For the above file one should run in v2:

import zarr
g = zarr.open('adata.zarr.zip', mode="r")
list(g["obsm"].keys()) # ['array', 'df', 'sparse']
g["obsm"]["obsm"] # not there!

and then

import zarr
from zarr.storage import ZipStore
g = zarr.open(ZipStore('/Users/ilangold/Projects/Theis/anndata/tests/data/archives/v0.7.0/adata.zarr.zip'), mode="r")
list(g["obsm"].keys()) # ['array', 'df', 'sparse', 'obsm']
g["obsm"]["obsm"] # also not there!

Additional output

No response

@ilan-gold ilan-gold added the bug Potential issues with the zarr-python library label Jan 24, 2025
@d-v-b
Copy link
Contributor

d-v-b commented Jan 24, 2025

can you list the contents of the zip store, as zarr sees it? there's an async method on the ZipStore class that should do this (I think if you call list_prefix('') it should list everything), and you can call sync around it to invoke that method from non-async code. It wouldn't surprise me if this is due to a directory listing bug

@ilan-gold
Copy link
Contributor Author

ilan-gold commented Jan 24, 2025

[item async for item in store.list_prefix("")]
---------------------------------------------------------------------------
AttributeError                            Traceback (most recent call last)
Cell In[16], line 1
----> 1 [item async for item in store.list_prefix("")]

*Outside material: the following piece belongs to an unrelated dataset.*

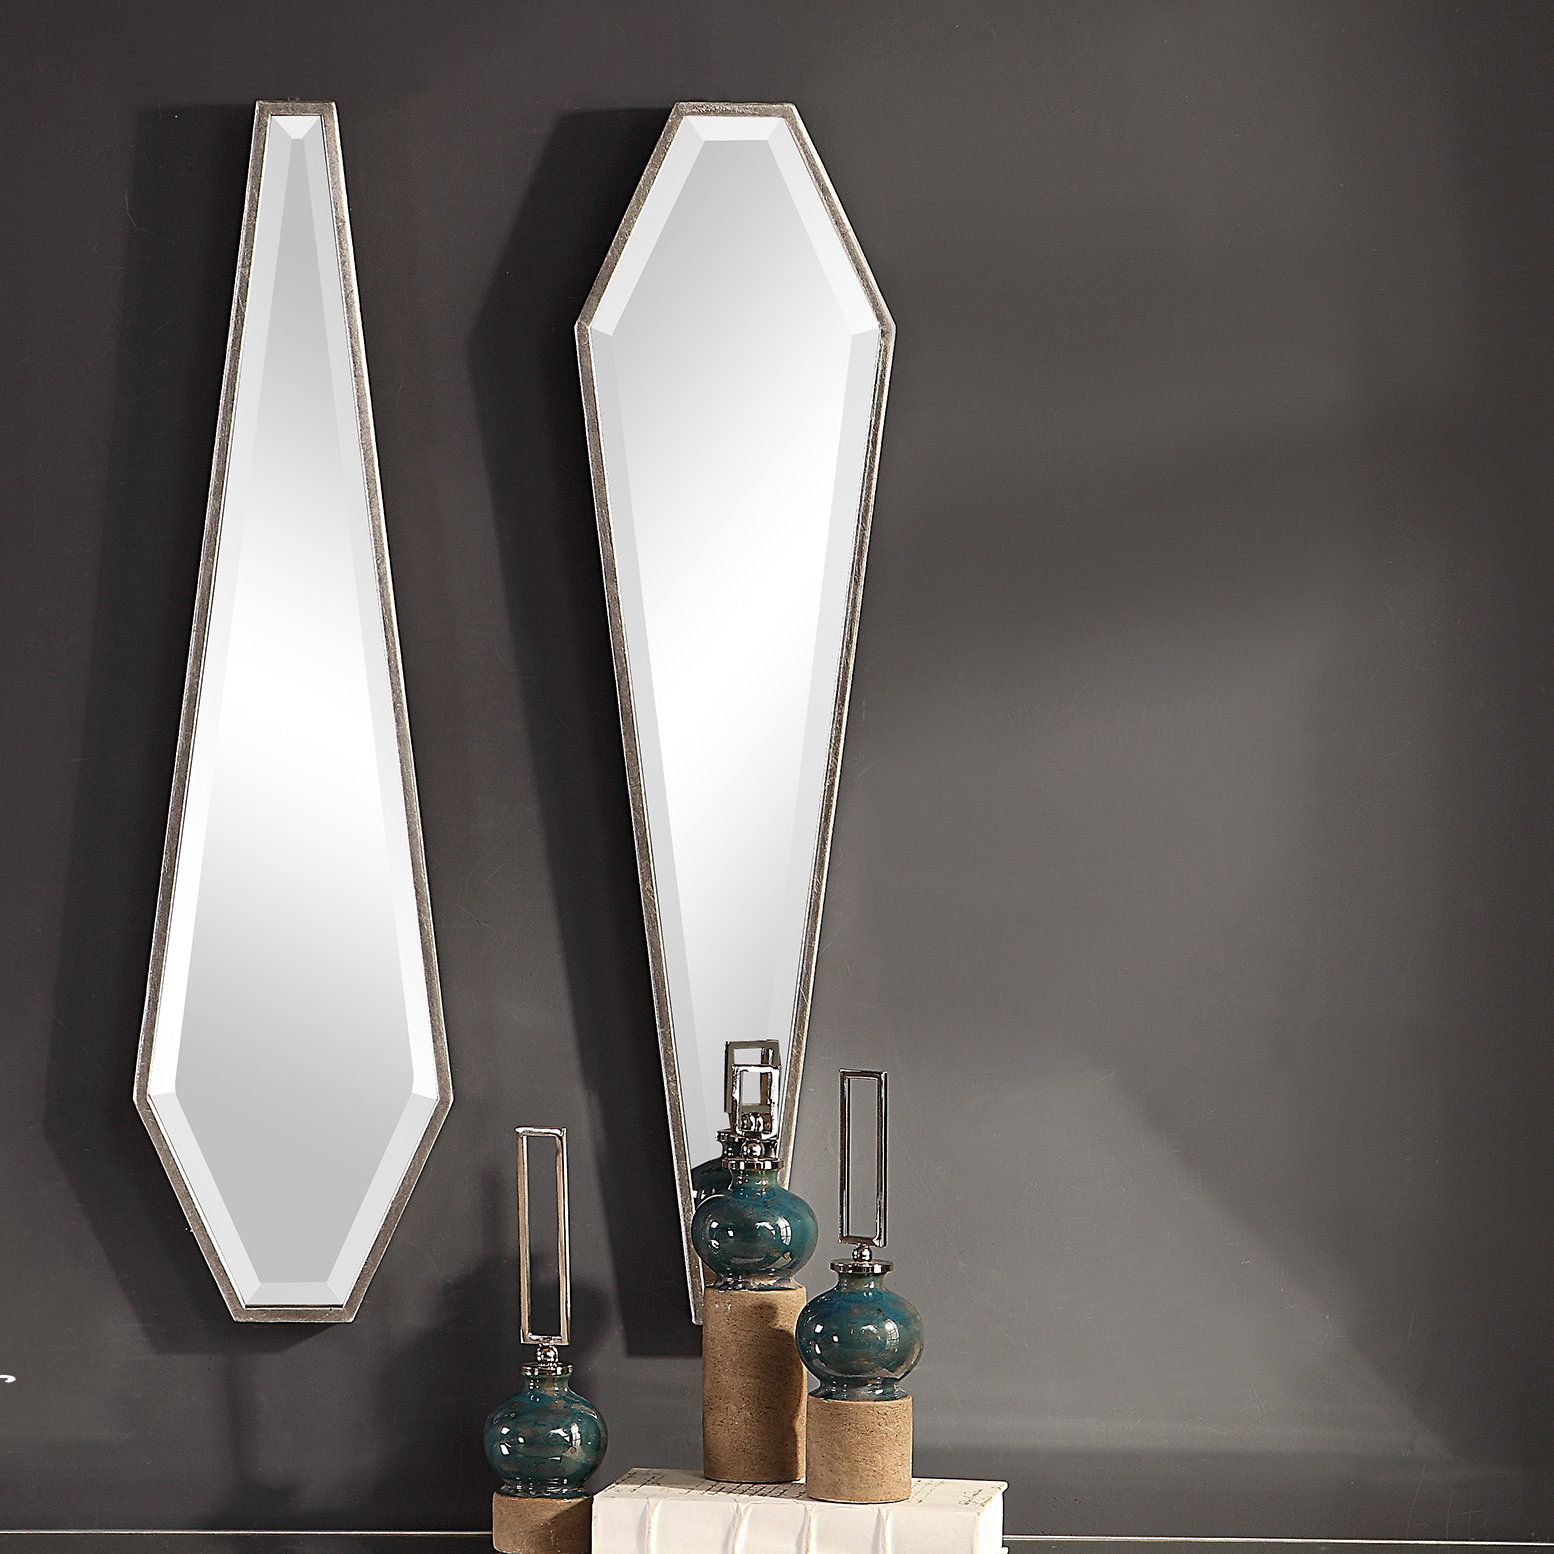 2 Piece Mirror Set | Wayfair With 3 Piece Dima Hanging Modern &amp; Contemporary Mirror Sets (View 3 of 20)
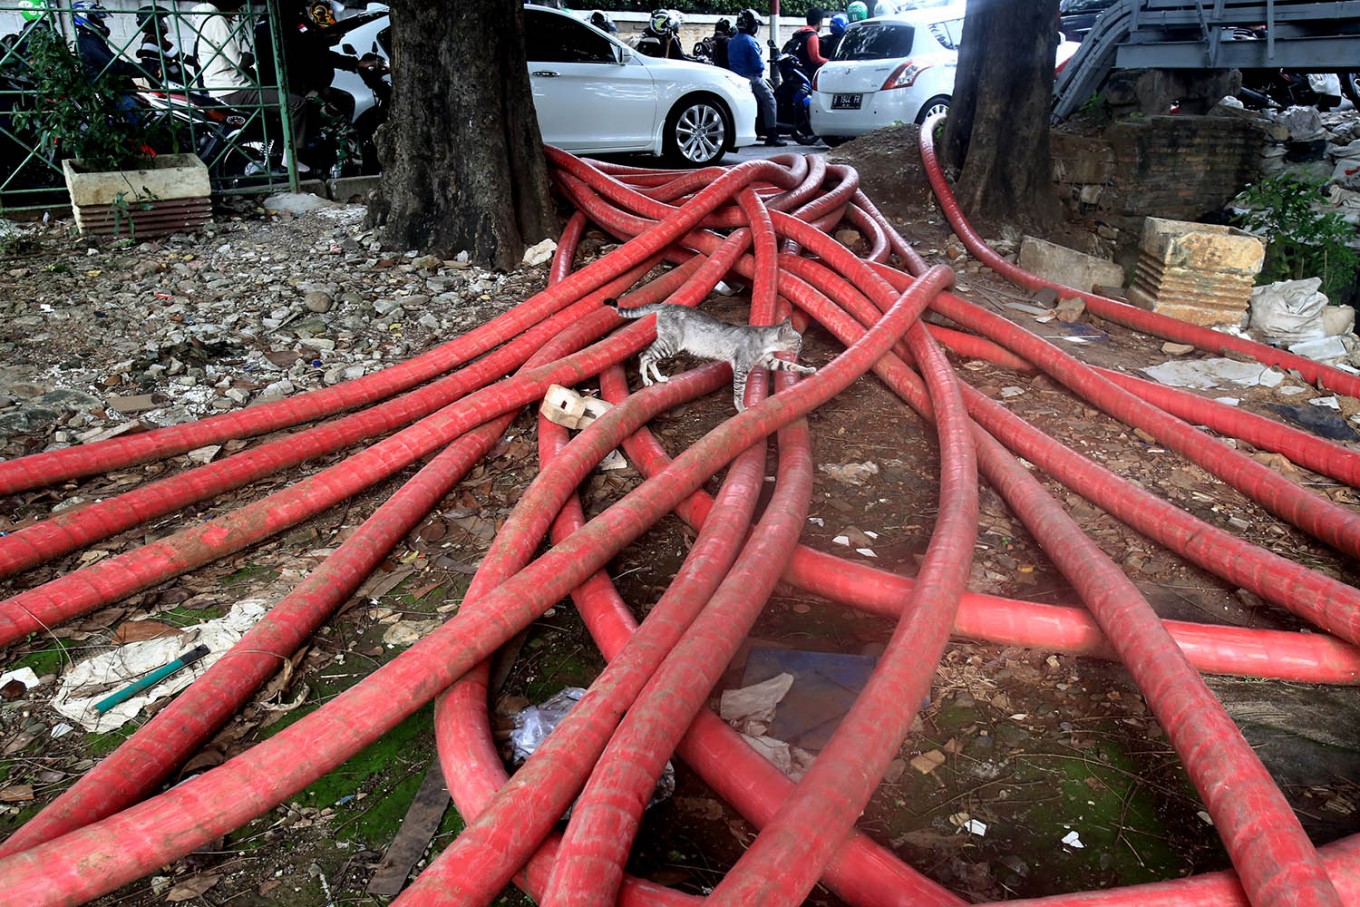 Jakarta's cable emergency

File ~/Projects/Theis/zarr-python/src/zarr/storage/_zip.py:256, in ZipStore.list_prefix(self, prefix)
    254 async def list_prefix(self, prefix: str) -> AsyncIterator[str]:
    255     # docstring inherited
--> 256     async for key in self.list():
    257         if key.startswith(prefix):
    258             yield key

File ~/Projects/Theis/zarr-python/src/zarr/storage/_zip.py:250, in ZipStore.list(self)
    248 async def list(self) -> AsyncIterator[str]:
    249     # docstring inherited
--> 250     with self._lock:
    251         for key in self._zf.namelist():
    252             yield key

AttributeError: 'ZipStore' object has no attribute '_lock'

This is from an ipython shell. Maybe I should try a lil test script?

@d-v-b
Copy link
Contributor

d-v-b commented Jan 24, 2025

zipstore is a little special, you might need to invoke a special method to completely create one (yes, this is cursed)

@ilan-gold
Copy link
Contributor Author

Just from obsm (there are many subgroups), it does not list itself obsm as a subgroup, as keys does:

'obsm/',
 'obsm/df/',
 'obsm/df/cat/',
 'obsm/df/cat/.zarray',
 'obsm/df/cat/.zattrs',
 'obsm/df/cat/0',
 'obsm/df/cat_ordered/',
 'obsm/df/cat_ordered/.zarray',
 'obsm/df/cat_ordered/.zattrs',
 'obsm/df/cat_ordered/0',
 'obsm/df/uint8/',
 'obsm/df/uint8/.zarray',
 'obsm/df/uint8/0',
 'obsm/df/.zattrs',
 'obsm/df/.zgroup',
 'obsm/df/float64/',
 'obsm/df/float64/.zarray',
 'obsm/df/float64/0',
 'obsm/df/__categories/',
 'obsm/df/__categories/cat/',
 'obsm/df/__categories/cat/.zarray',
 'obsm/df/__categories/cat/.zattrs',
 'obsm/df/__categories/cat/0',
 'obsm/df/__categories/cat_ordered/',
 'obsm/df/__categories/cat_ordered/.zarray',
 'obsm/df/__categories/cat_ordered/.zattrs',
 'obsm/df/__categories/cat_ordered/0',
 'obsm/df/__categories/.zgroup',
 'obsm/df/int64/',
 'obsm/df/int64/.zarray',
 'obsm/df/int64/0',
 'obsm/df/_index/',
 'obsm/df/_index/.zarray',
 'obsm/df/_index/0',
 'obsm/array/',
 'obsm/array/.zarray',
 'obsm/array/0.0',
 'obsm/.zgroup',
 'obsm/sparse/',
 'obsm/sparse/indices/',
 'obsm/sparse/indices/.zarray',
 'obsm/sparse/indices/0',
 'obsm/sparse/.zattrs',
 'obsm/sparse/.zgroup',
 'obsm/sparse/indptr/',
 'obsm/sparse/indptr/.zarray',
 'obsm/sparse/indptr/0',
 'obsm/sparse/data/',
 'obsm/sparse/data/.zarray',
 'obsm/sparse/data/0',

@d-v-b
Copy link
Contributor

d-v-b commented Jan 24, 2025

so the stuff coming out of keys comes from members, which wraps some recursive functions that might not be the easiest to follow. I think the relevant line is here:

keys = [key async for key in node.store.list_dir(node.path)]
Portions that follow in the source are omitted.